Great to see that Mike Rothman and Bill Brenner know how to read between the lines. Here's a related point of view on the Storm Worm - Why do users still receive attachments they are not supposed to click on?

Meanwhile, Eric Lubow (Guardian Digital, Linuxsecurity.com) have recently joined the security blogosphere and I'll be keeping an eye on his blog for sure -- hope it's mutual. Two more rather fresh blogs worth reading are ITsecurity.com's one -- how's it going Kev -- and Panda Software's blog. And with PandaLabs now blogging, the number of anti virus vendors without a blog, namely still living in the press release world is getting smaller. I remember the last time I was responsible for writing press releases for a vendor I'd rather not associate myself with, and how Web 1.0 the whole practice was. If you really want to evolve from branding to communicating value, hire a blogger that's anticipating corporate citizenship given he's commissioned, and reboot your PR channels.

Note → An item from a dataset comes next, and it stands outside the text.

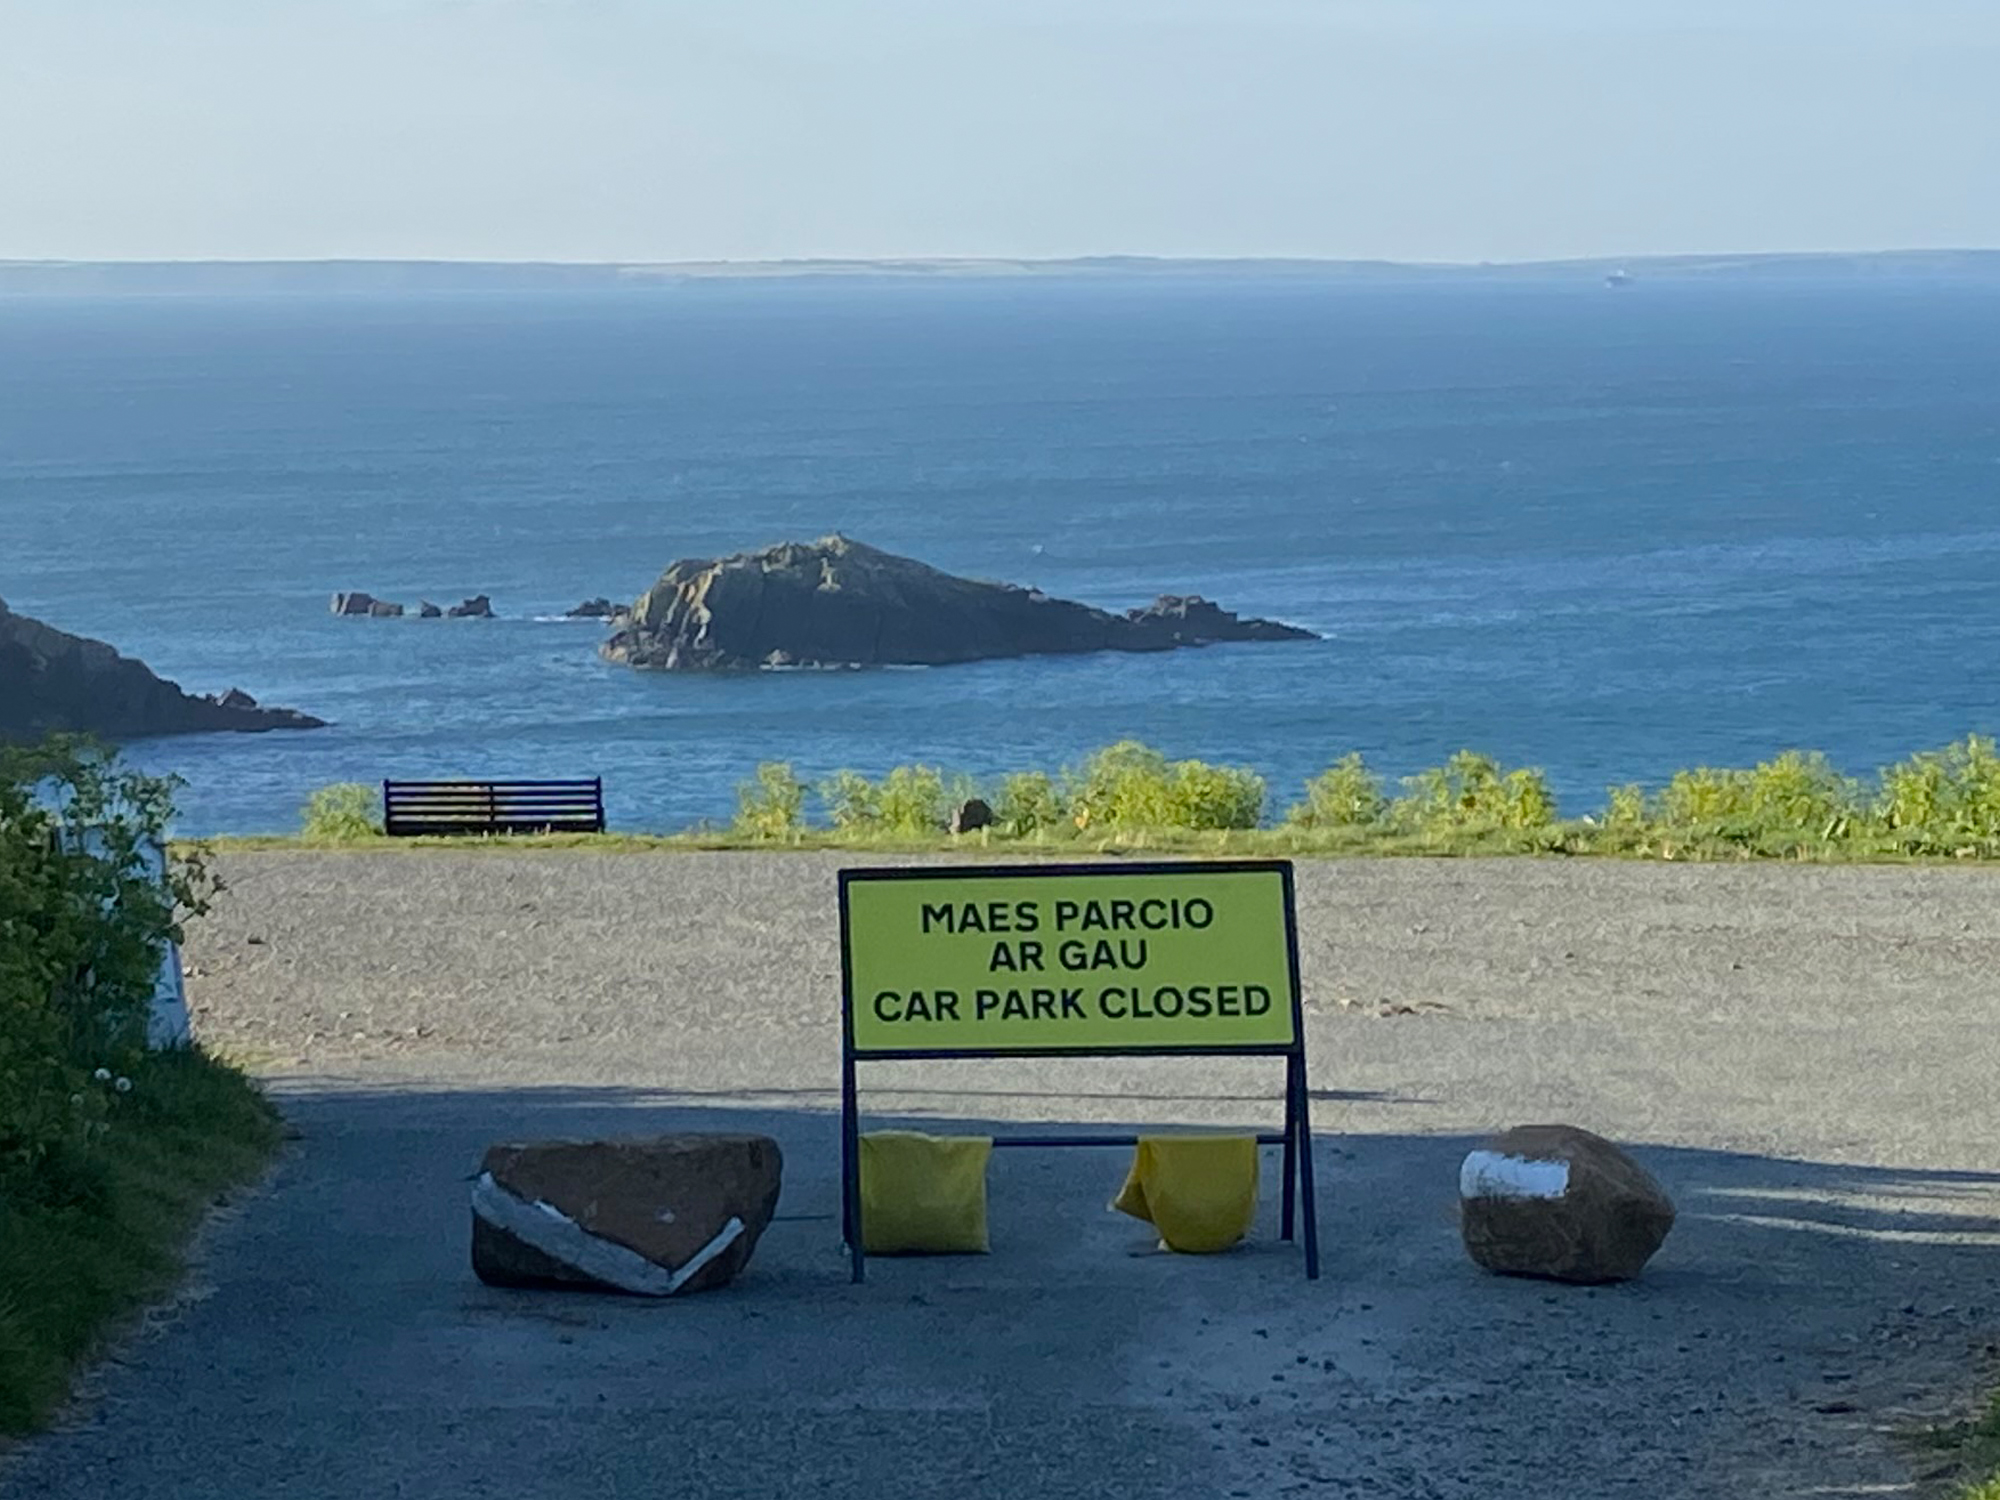 Caerfai Car Park closed
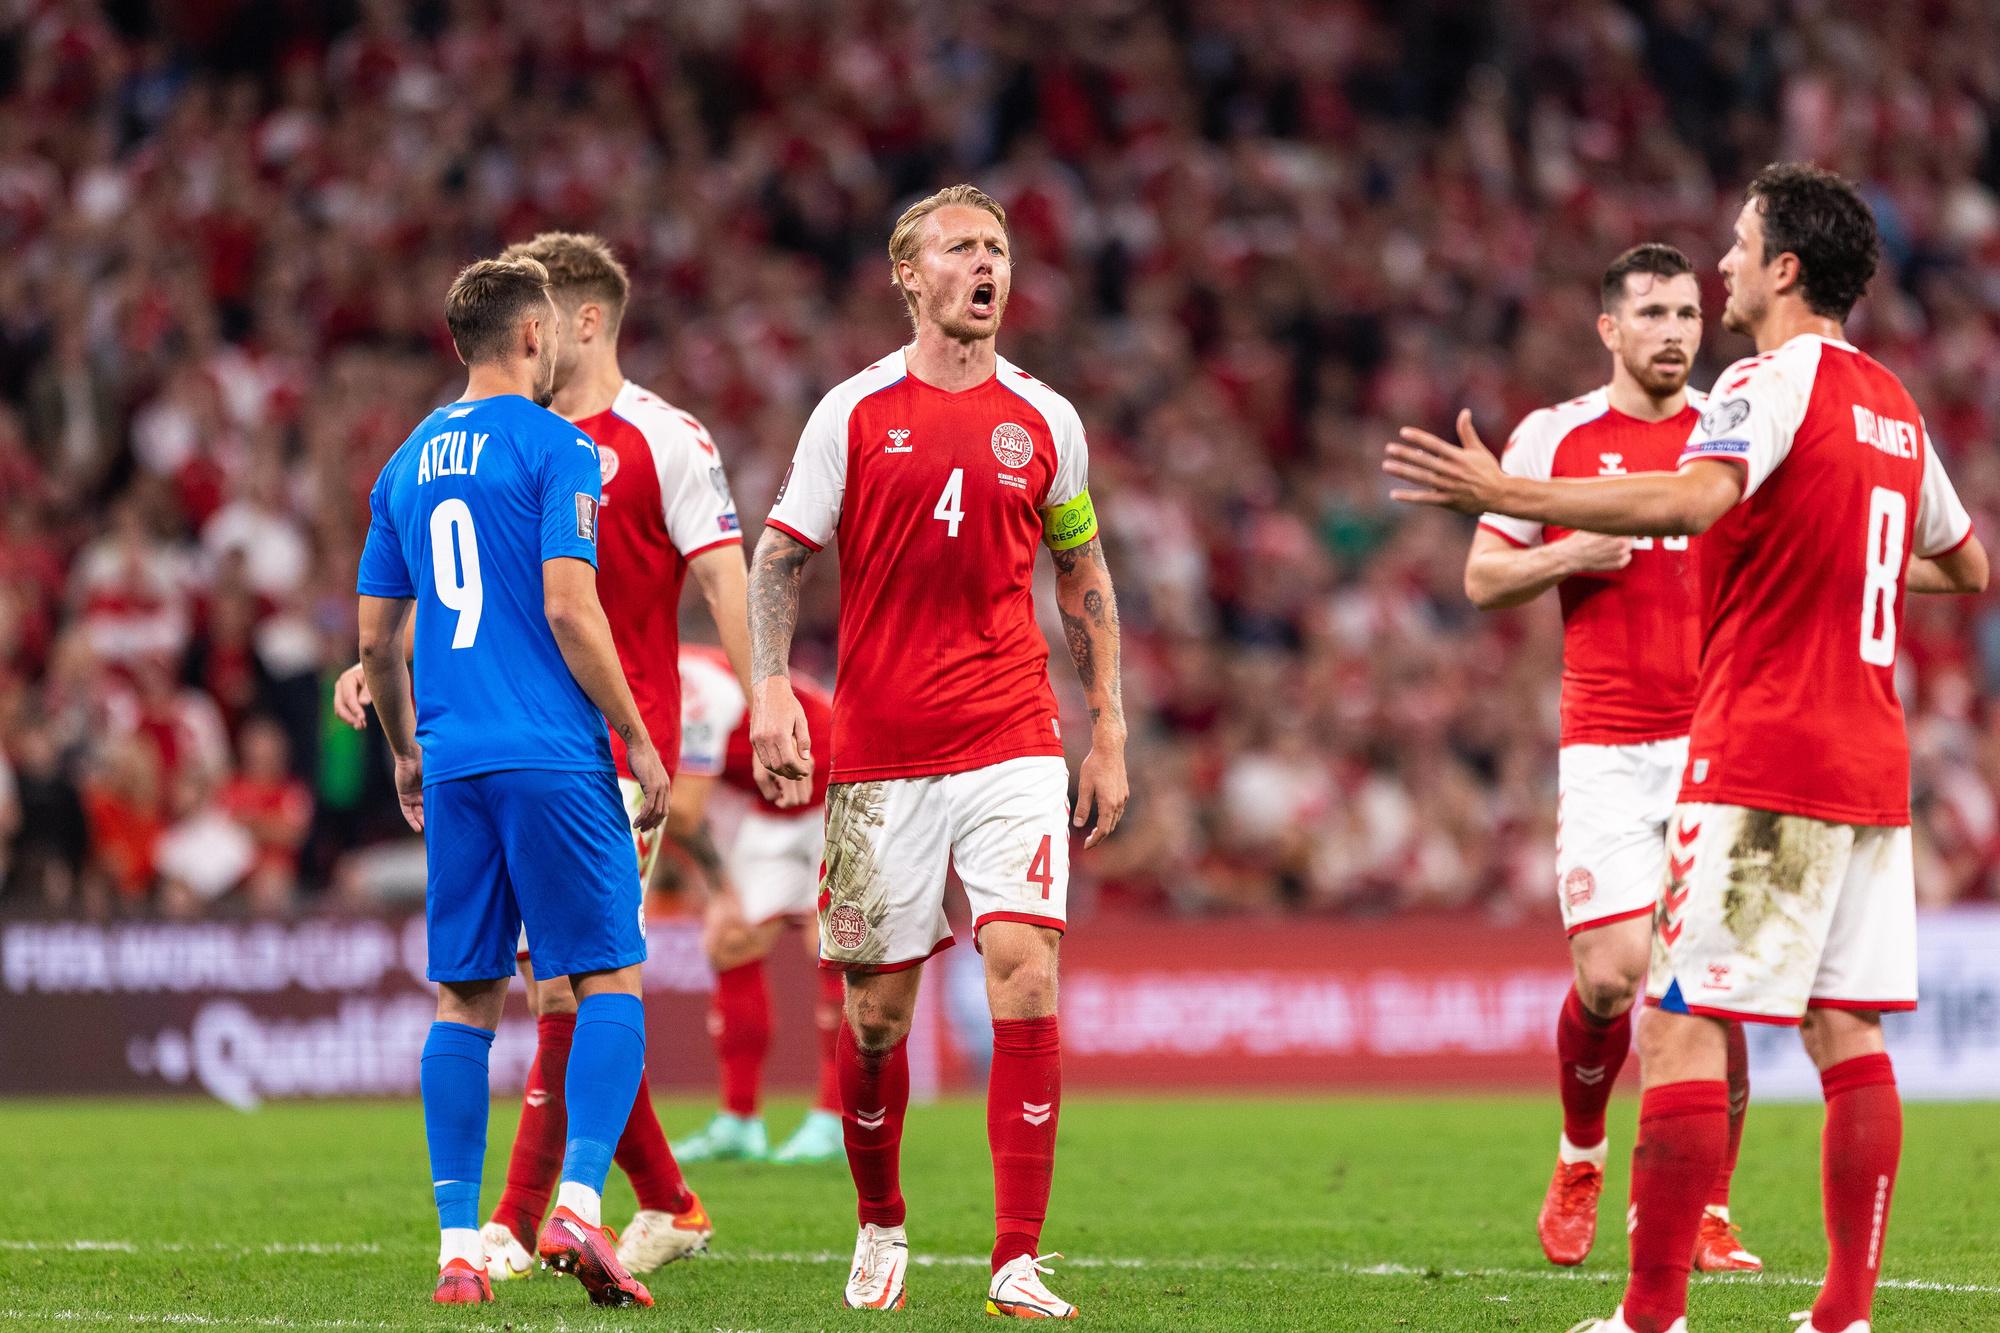 Le Danemark a bien digéré son Euro riche en émotions. Les hommes de Kasper Hjulmand continuent de gagner et mardi soir ce sont les Israéliens qui se sont pris un score de forfait., belga

Clustering Phishing Attacks

Clustering a phishing attack to get an in-depth and complete view on the inner workings of a major phishing outbreak or a specific campaign only - that's just among the many other applications of the InternetPerils. Backed up with neat visualization features, taking a layered approach, thus, make it easier for analysts do their jobs faster, its capabilities are already scoring points in the information security industry :

"InternetPerils has discovered that those phishing servers cluster, and infest ISPs at the same locations for weeks or months. Here's an example of a phishing cluster in Germany, ever-changing yet persistent for four months, according to path data collected and processed by InternetPerils, using phishing server addresses from the Anti-Phishing Working Group (APWG) repository. The above animation demonstrates a persistent phishing cluster detected and analyzed by InternetPerils using server addresses from 20 dumps of the APWG repository, the earliest shown 17 May and the latest 20 September. This phishing cluster continues to persist after the dates depicted, and InternetPerils continues to track it."

Here are seven other interesting anti-phishing projects, and a hint to the ISPs who really want to know what their customers are (unknowingly) up to.

Visual Thesaurus on Security

In case you haven't heard of the Thinkmap Visual Thesaurus, it's an "interactive dictionary and thesaurus which creates word maps that blossom with meanings and branch to related words. Its innovative display encourages exploration and learning. You'll understand language in a powerful new way." With its current database size and outstanding usability build into the interface, it has a lot of potential for growth, and I'm sure you'll find out the same if you play with it for a little while.